The stupidest part of the sermon came when the pastor veered into a misology theme. We were reminded that while all the most brilliant scientists and philosophers in the world have been pretty doggone smart guys, figuring out a bunch of useful stuff, ultimately all their knowledge hasn't worked out what we were told is the most important issue, which is, according to the pastor, what happens to us when we die. I thought that issue was pretty well worked out: our bodies organically decompose. But of course, the pastor was talking about "souls," I suppose, and so we were cheerfully reminded that Christianity did provide that answer that has eluded the great minds of our time. And what's best is that you don't have to be some brilliant intellectual giant to understand it! The Bible makes it simple!
How handy is that? Yes, keep it simple, above all. I mean, most people can't figure out how to set the clocks on their video players, so doesn't it make sense that the answers to life's most penetrating questions ought to be even simpler than that? Just take all of those profound conundrums about the nature of life and the universe to which scientists and philosophers have dedicated their entire lives over the past several millennia, and boil it down to "Goddidit!" See? Simple!
Okay, this is all just boilerplate Christian anti-intellectual silliness. But when you realize that people by the millions are getting slammed with this moronic message every Sunday — "Hey, education is okay and all, but it hasn't got the real answers, and you'll get those today, and the best thing is they're as easy as pickin' your nose while sittin' down!" — then is it any wonder that we live in a country where something as retarded as the Creation "Museum" can actually be built? When religion hands ignorant people a bunch of wish fulfillment fantasies and then tells them they're smarter than "brilliant scientists and philosophers," it's an act as essentially cruel as the drug dealer giving a third-grader the "first one's free, kid" spiel.
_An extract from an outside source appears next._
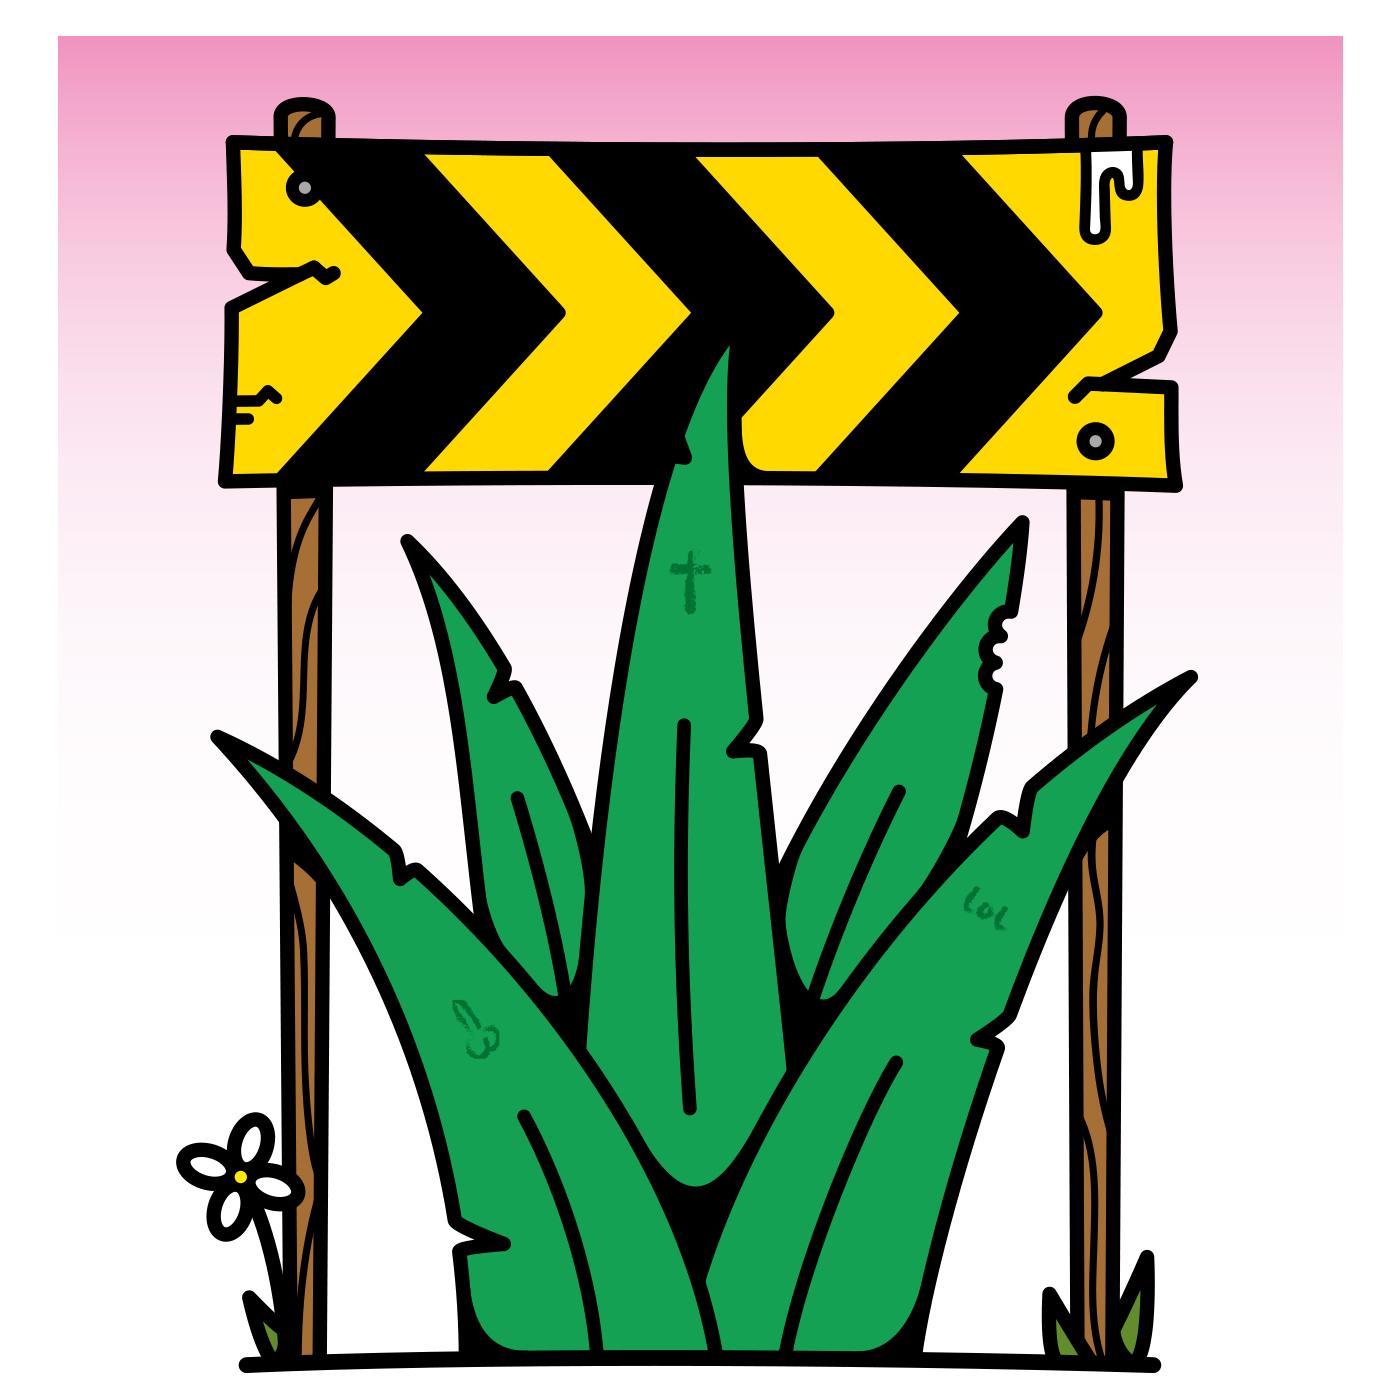 bush-mikko-heino.jpg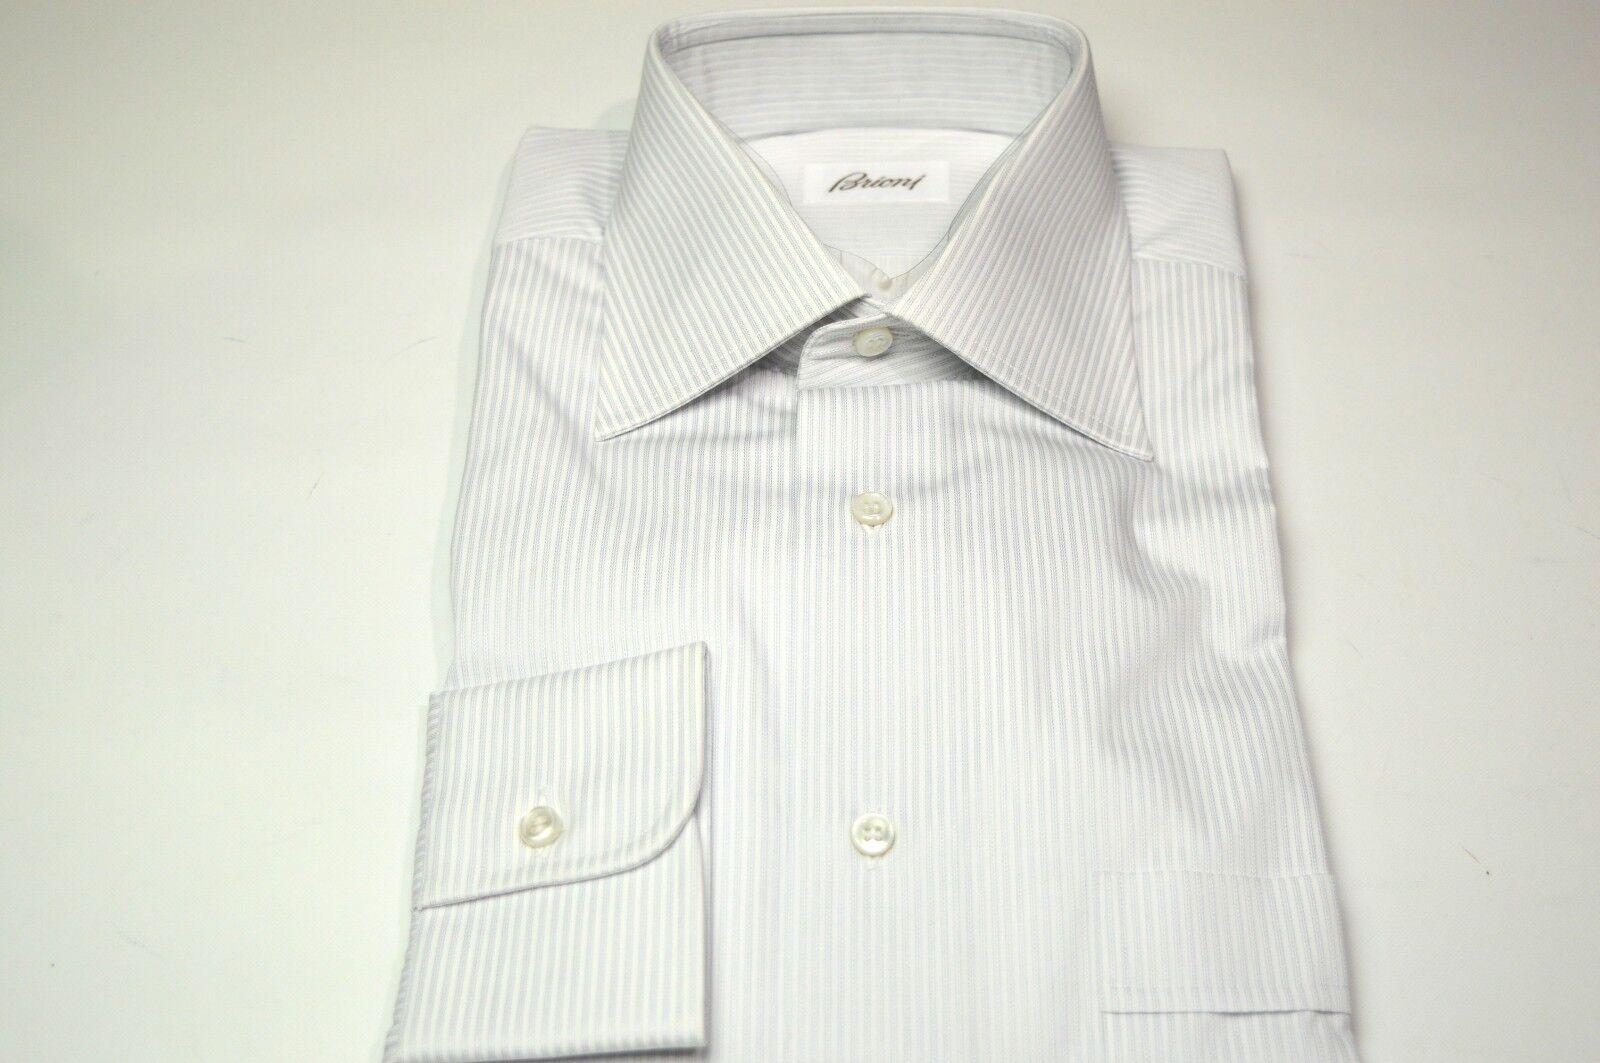 NEW  BRIONI Dress  SHIRT 100% Cotton Size 15.75 Us 40 Eu  (ARA48)

But the worst part of this sermon is that my friend's mother was a schoolteacher, working with learning-disabled children, and was deeply dedicated to her vocation, even spending her own money on teaching materials when whatever school she was at was too cheap (or, to be fair, underfunded perhaps) to provide. And here's this jerk giving a sermon that completely devalues education, thereby devaluing my friend's mother's life, and pronouncing that old delusion, "faith," as infinitely preferable and more valuable than knowledge.
I'm pleased I was able to be there for my friend in her time of mourning. But it saddens me that all I got out of the service was a bleak reminder of why religion is such poison. What should have been a tribute to her mom's life turned into another gross sales pitch for Christianity, and a stomach-turning exercise in misology that demeaned the legacy of the woman it should have honored.